Chaplet of the Seven Dolors of Our Lady

How to pray the Chaplet of the Seven Dolors of Our Lady

The Chaplet of the Seven Dolors of Our Lady has a total of 58 beads and a medal of the first dolor. There is a total of 7 sets of 7 beads, with 3 additional beads and a crucifix. On each of the seven beads if prayed the “Hail Mary…”.

On the separating beads is prayed the “Our Father…”.

On the 3 additional beads is prayed the “Hail Mary…” in remembrance of the tears of Mary that were shed because of the suffering of her Divine Son. These are said to obtain true sorrow for our sins.

The 7 groups of 7 Hail Mary’s are recited in remembrance of the Seven Sorrows of Mary, namely:

1. The Prophecy of Simeon.
2. The flight into Egypt.
3. The loss of the Child Jesus.
4. Mary meets Jesus carrying His Cross.
5. The crucifixion.
6. Mary receives the body of Jesus from the Cross.
7. The body of Jesus is placed in the tomb.

After each set of seven beads is said the following prayer:

V. Pray for us, O most sorrowful Virgin.
R. That we may be made worthy of the promises of Christ.

Concluding prayer:

Lord Jesus, we now implore,
both for the present
and for the hour of our death,
the intercession of the most Blessed Virgin Mary, Thy Mother,
whose holy soul was pierced
at the time of Thy Passion by a sword of grief.
Grant us this favour,
O Saviour of the world,
Who livest and reignest
with the Father and the Holy Spirit
for ever and ever.

Amen.

– – – – – – – – – –

According to St. Bridget of Sweden (1303-1373), seven promises were made to those who medidate on Our Lady’s Tears and Dolors. The Blessed Virgin grants seven graces to the souls who honour her daily by saying seven Hail Marys while meditating on her tears and dolors. These are:

1. “I will grant peace to their families.”

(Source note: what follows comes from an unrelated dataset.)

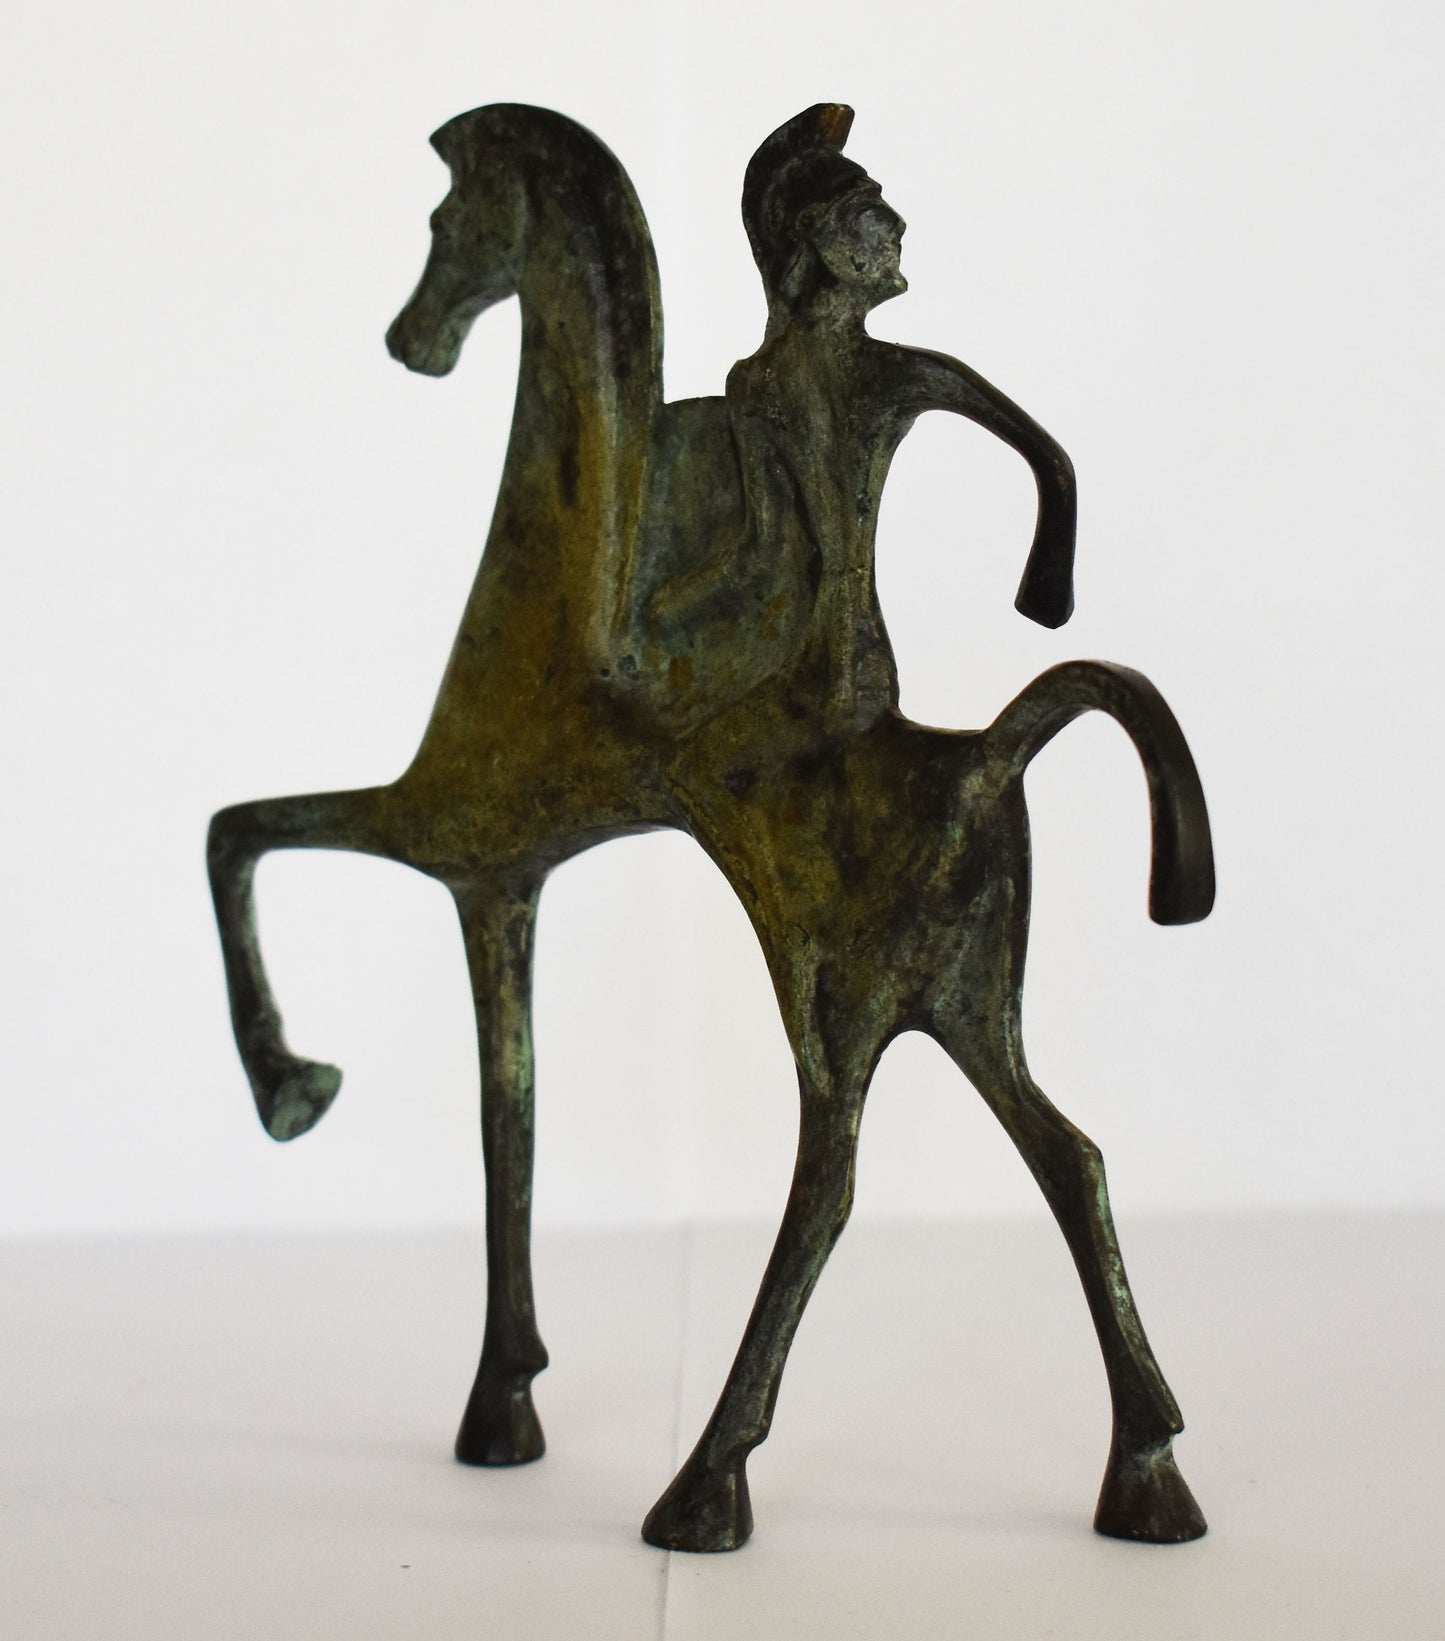 Ancient Greek Warrior on Horse - Battle of Marathon - Greco-Persian War - 490 BC - Pure Bronze Sculpture
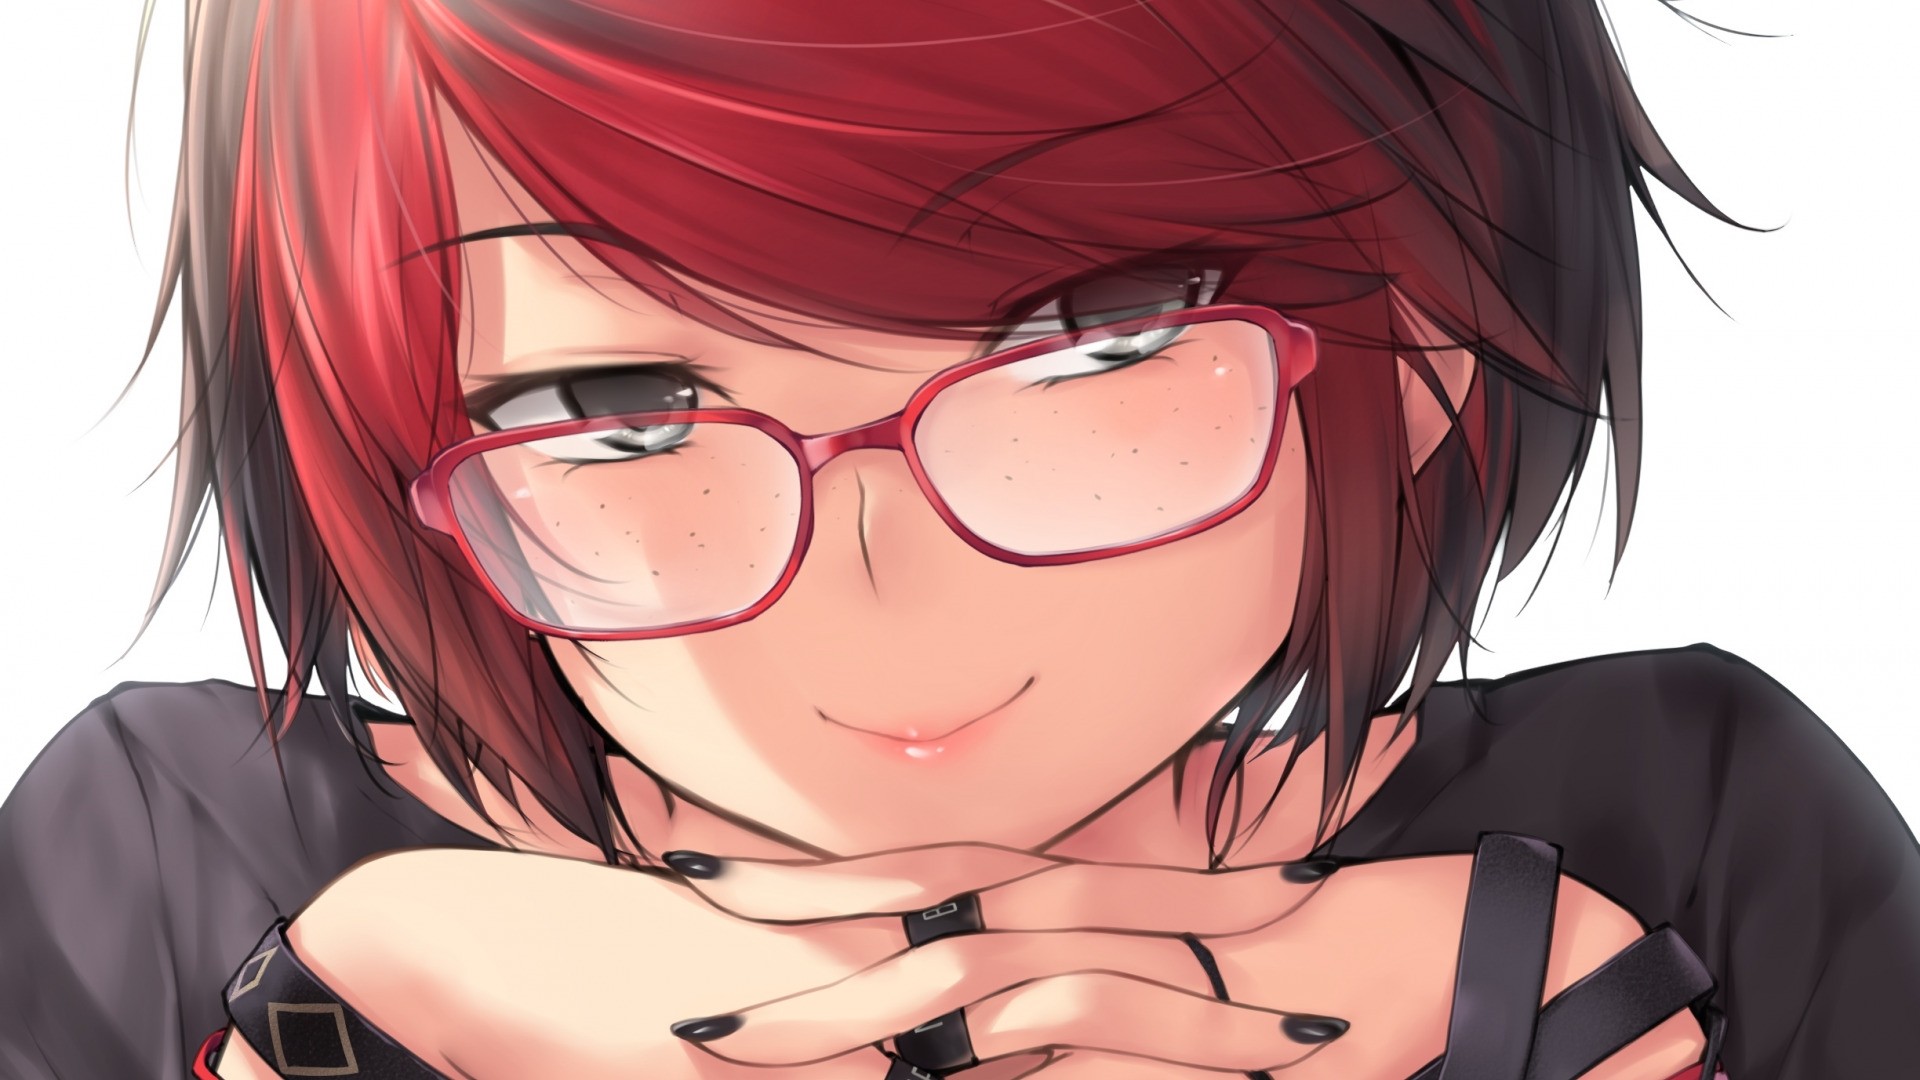 Anime Girl With Glasses Image

2. “They will be enlightened about the Divine Mysteries.”

3. “I will console them in their pains and I will accompany them in their work.”

4. “I will give them as much as they ask for as long as it does not oppose the adorable will of my Divine Son or the sanctification of their souls.”

5. “I will defend them in their spiritual battles with the infernal enemy and I will protect them at every instant of their lives.”

6. “I will visibly help them at the moment of their death – they will see the face of their mother.”

7. “I have obtained this grace from my Divine Son, that those who propagate this devotion to my tears and dolors will be taken directly from this earthly life to eternal happiness, since all their sins will be forgiven and my Son will be their eternal consolation and joy.”

INDULGENCES

Benedict XIII., September 26th, 1724, granted an indulgence of two hundred days for every Our Father and every Hail Mary to those who, with sincere contrition, and having confessed, or firmly purposing to confess their sins, shall recite this Chaplet on any Friday, or on any day of Lent, on the Festival of the Seven Dolors, or within the Octave; and one hundred days on any other day of the year.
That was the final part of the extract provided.